Der operative Gewinn (Funds from Operations 1, kurz FFO1) ging etwa wegen höherer Zinsaufwendungen um 1,8 Prozent auf 282,9 Millionen Euro zurück. Das Periodenergebnis sank aufgrund eines deutlich geringeren Bewertungsergebnisses von 603,1 Millionen im Vorjahr auf 216,7 Millionen Euro. Im Vergleich zum Vorjahr nahm Deutsche Wohnen keine Aufwertung des Immobilienbestandes vor.
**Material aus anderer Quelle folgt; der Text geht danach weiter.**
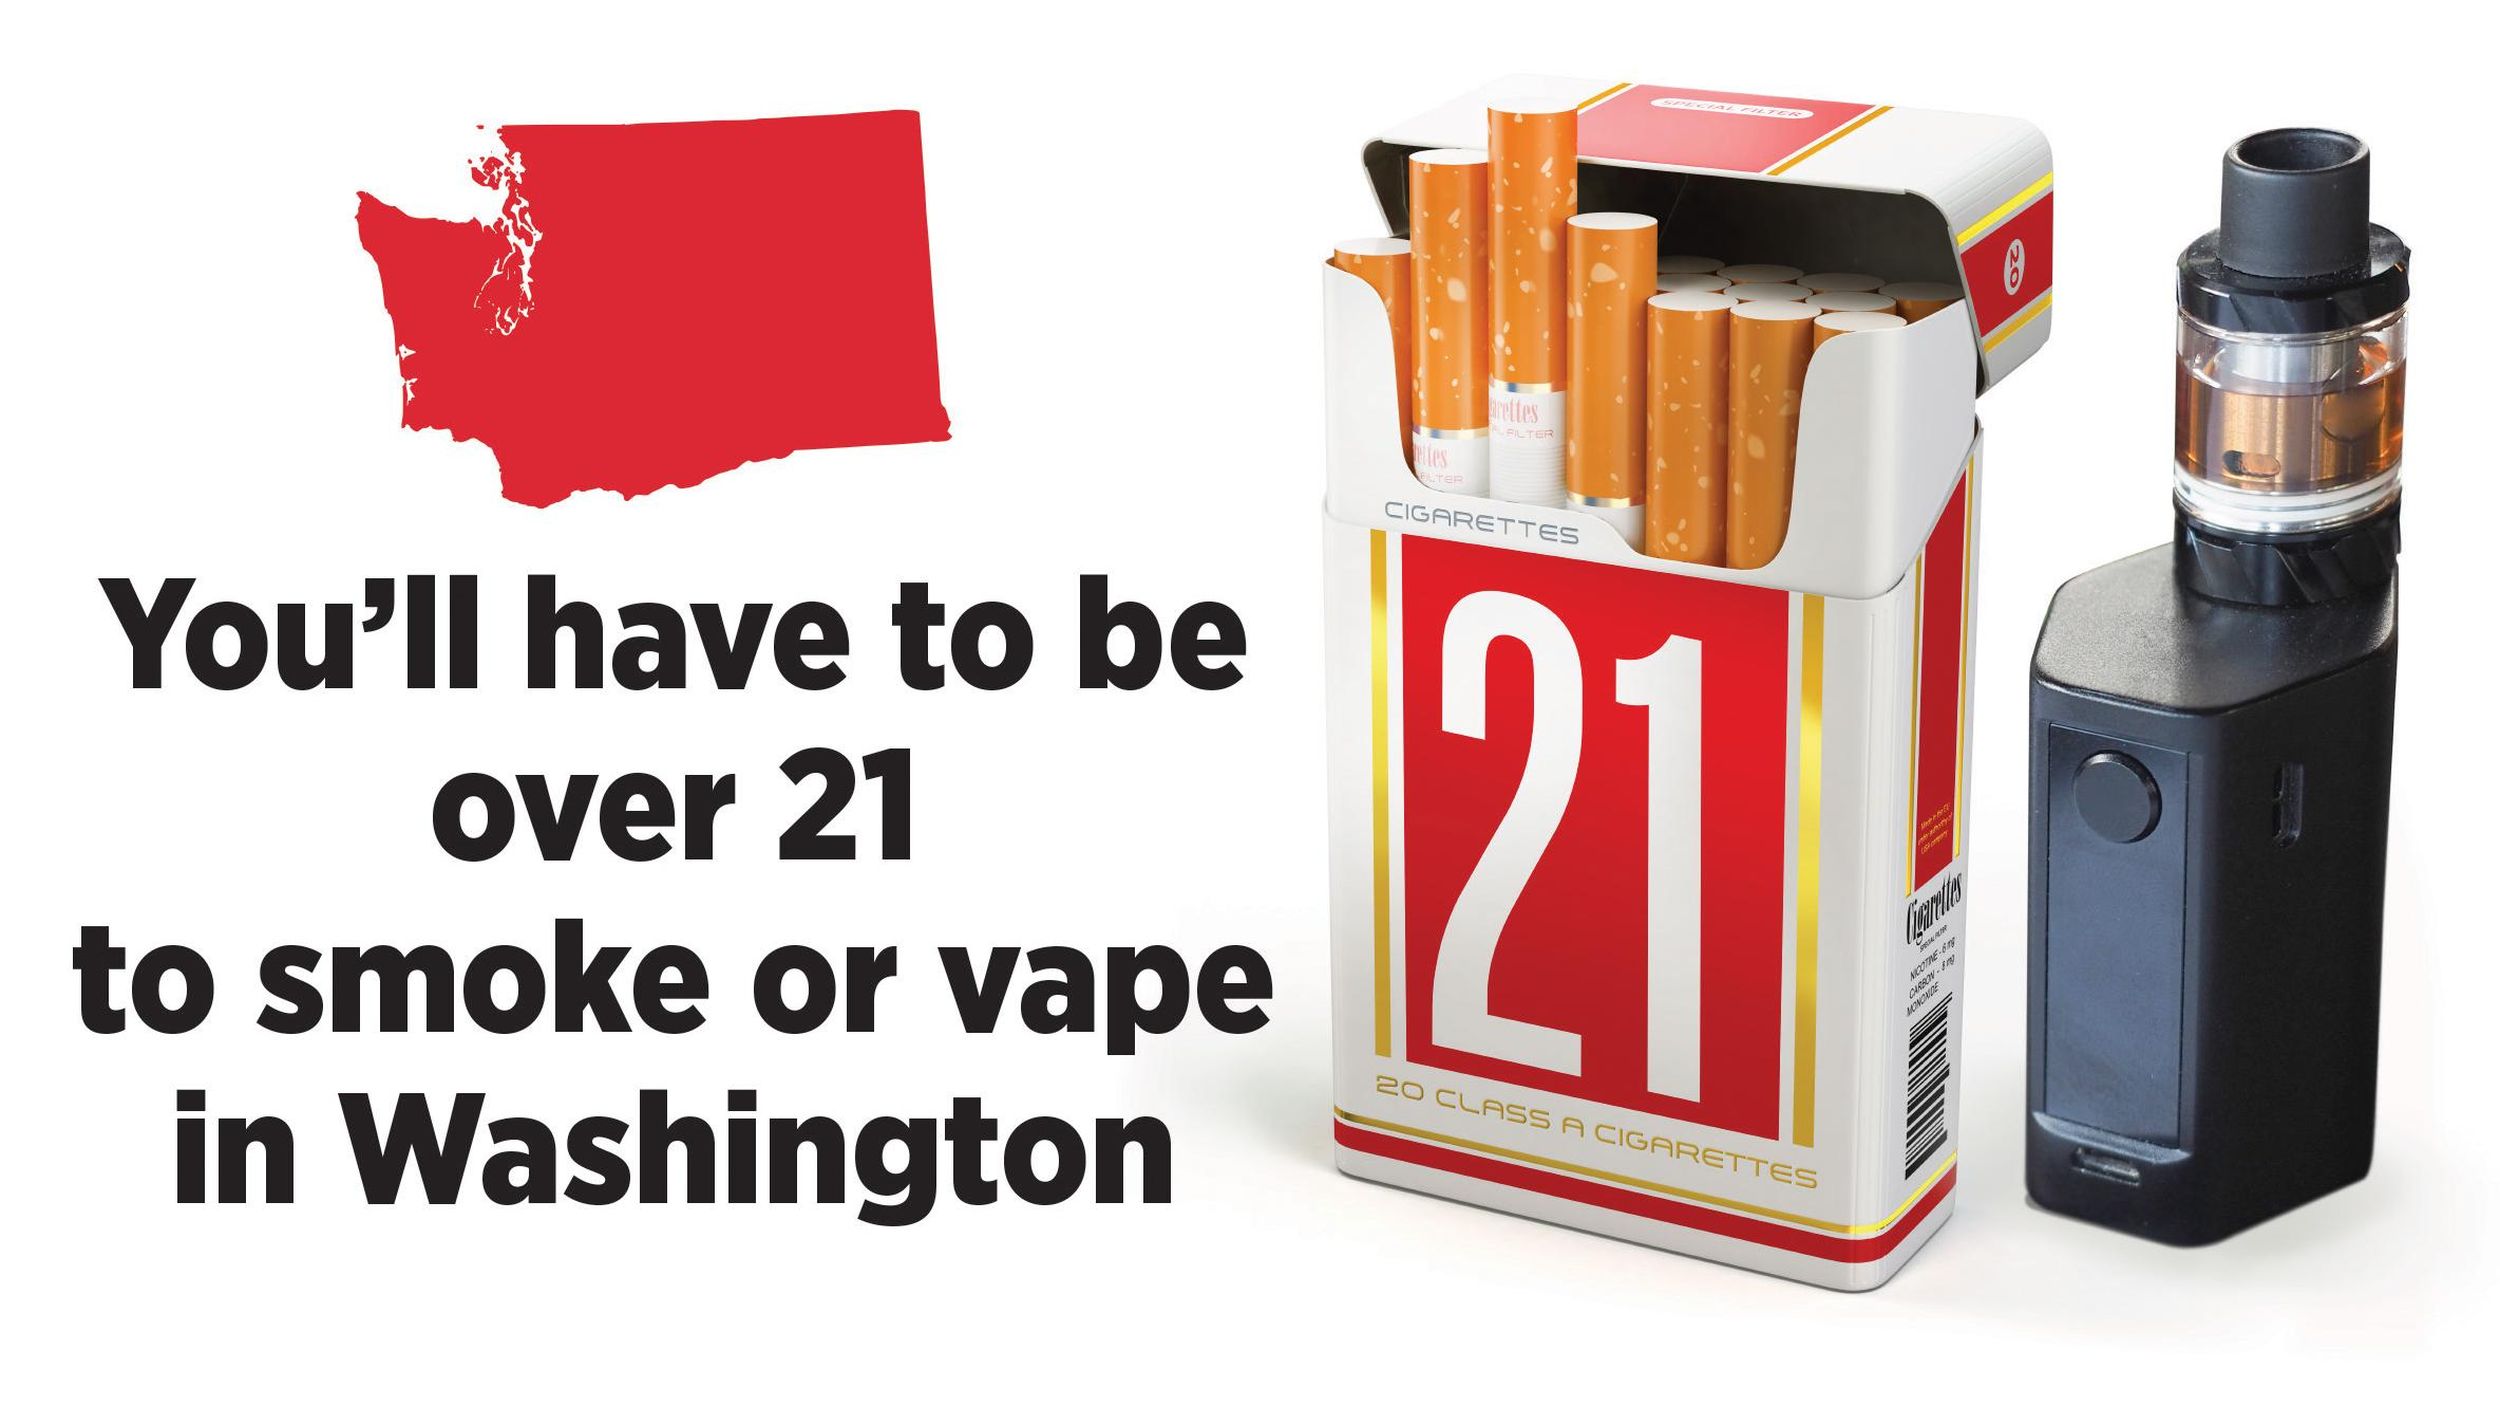 House Votes To Raise Smoking Age To 21 The Spokesman Review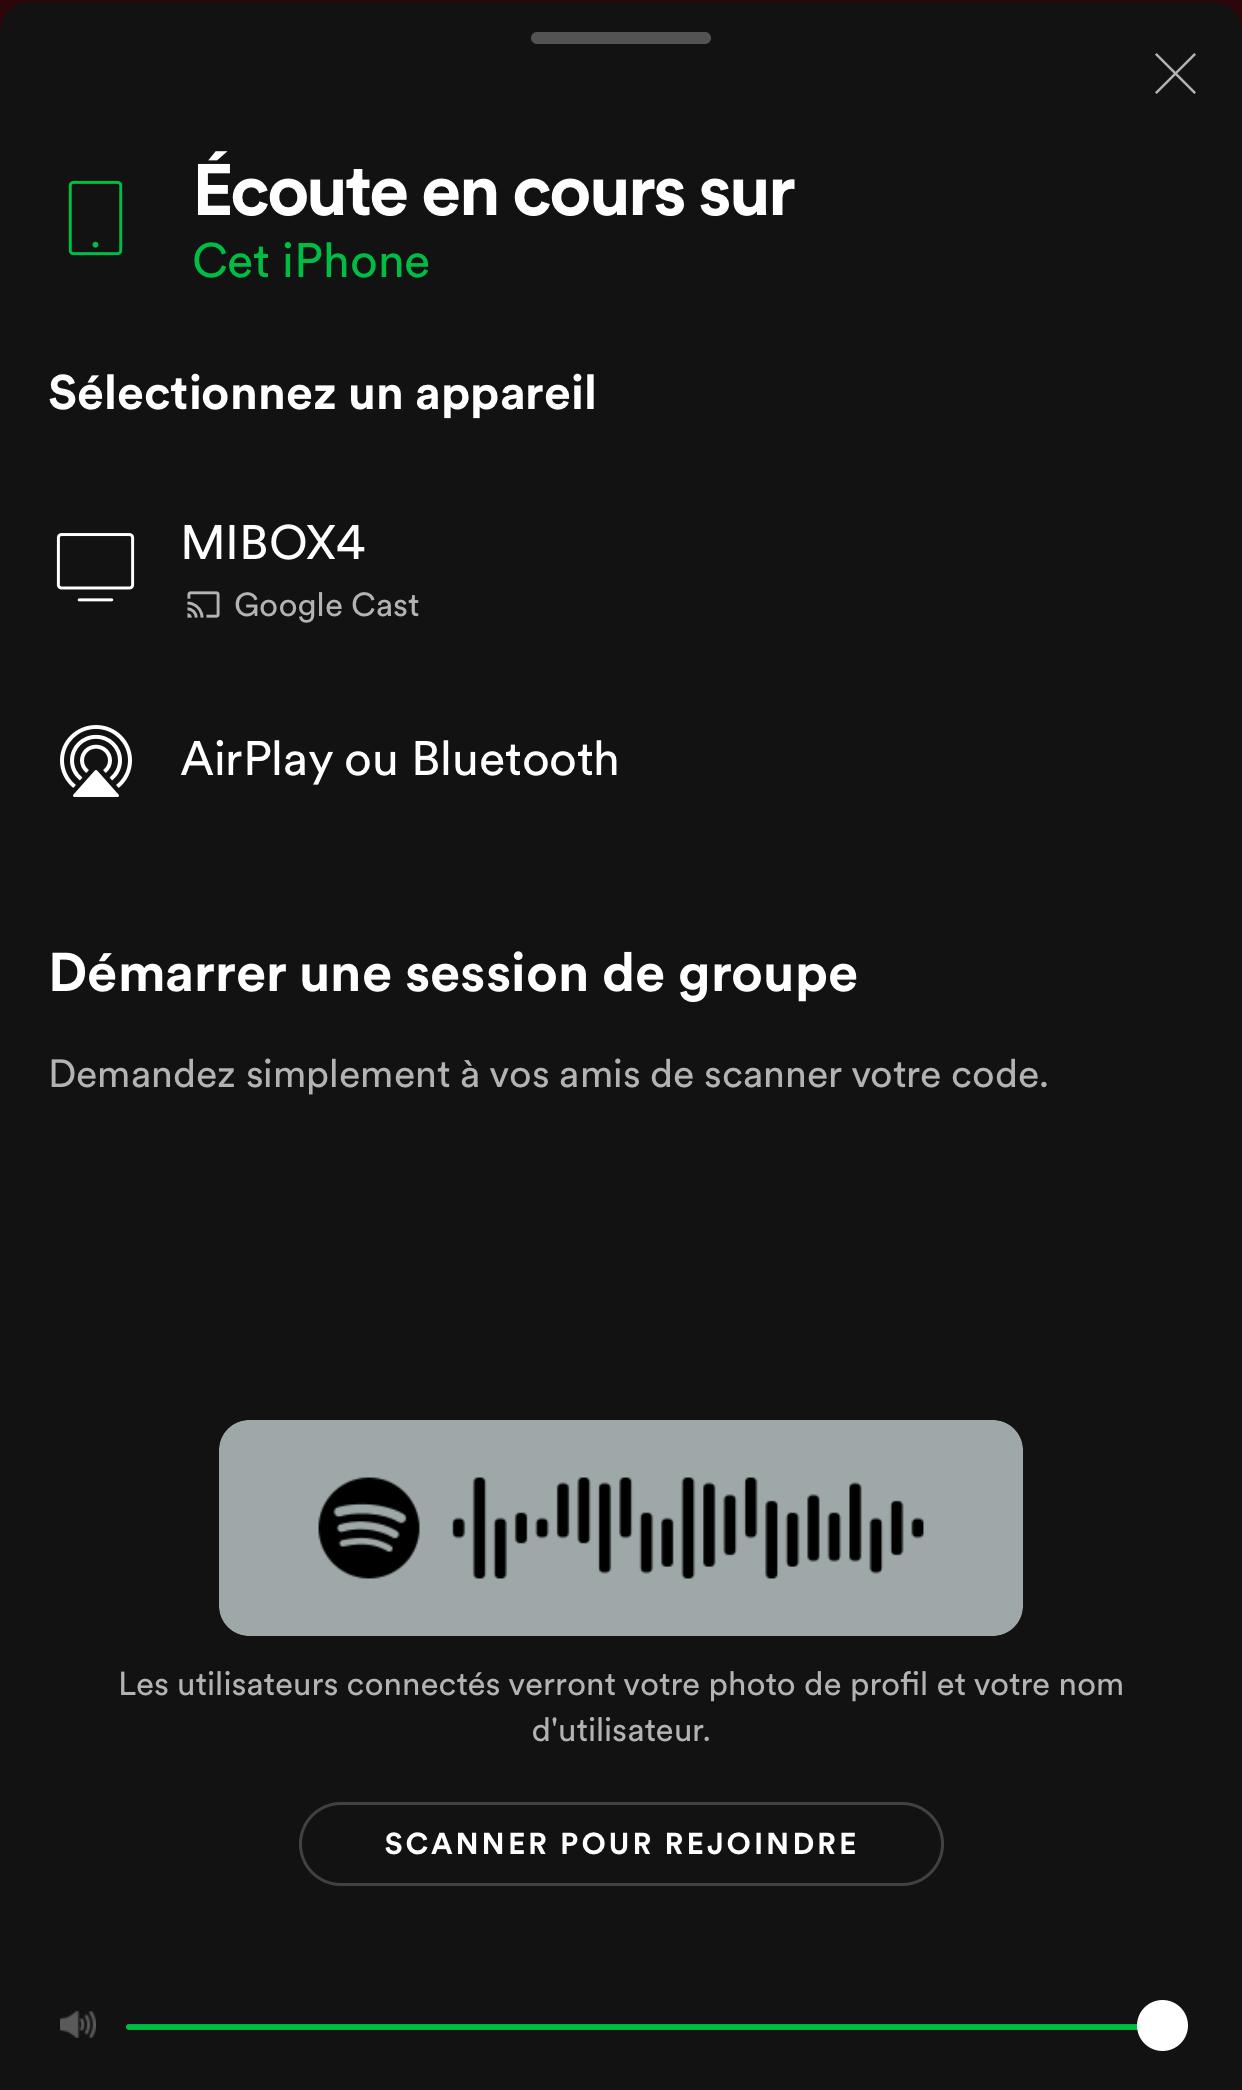 Spotify vous permet désormais d'écouter de la musique en groupe

Momentan ist bei Deutsche Wohnen viel in Bewegung. So gab das Unternehmen erst jüngst bekannt, rund 6400 Wohnungen und Gewerbeeinheiten an den Konkurrenten LEG Immobilien zu verkaufen. Gleichzeitig erwarb das Unternehmen rund 450 Wohnungen und Gewerbeeinheiten in Berlin, Potsdam und Dresden. Zudem übernahmen die Berliner eine Minderheitsbeteiligung von 40 Prozent an der Quarterback Immobilien AG. Damit sichere sich Deutsche Wohnen den Zugriff auf eine Vielzahl von attraktiven Neubauprojekten in seinen Kernmärkten, insbesondere in der Region Dresden und Leipzig. Zuletzt einigte sich das Unternehmen mit dem Münchner Projektentwickler Isaria Wohnbau auf den Erwerb einer Plattform für Projektentwicklungen sowie wesentlicher Immobilienprojekte.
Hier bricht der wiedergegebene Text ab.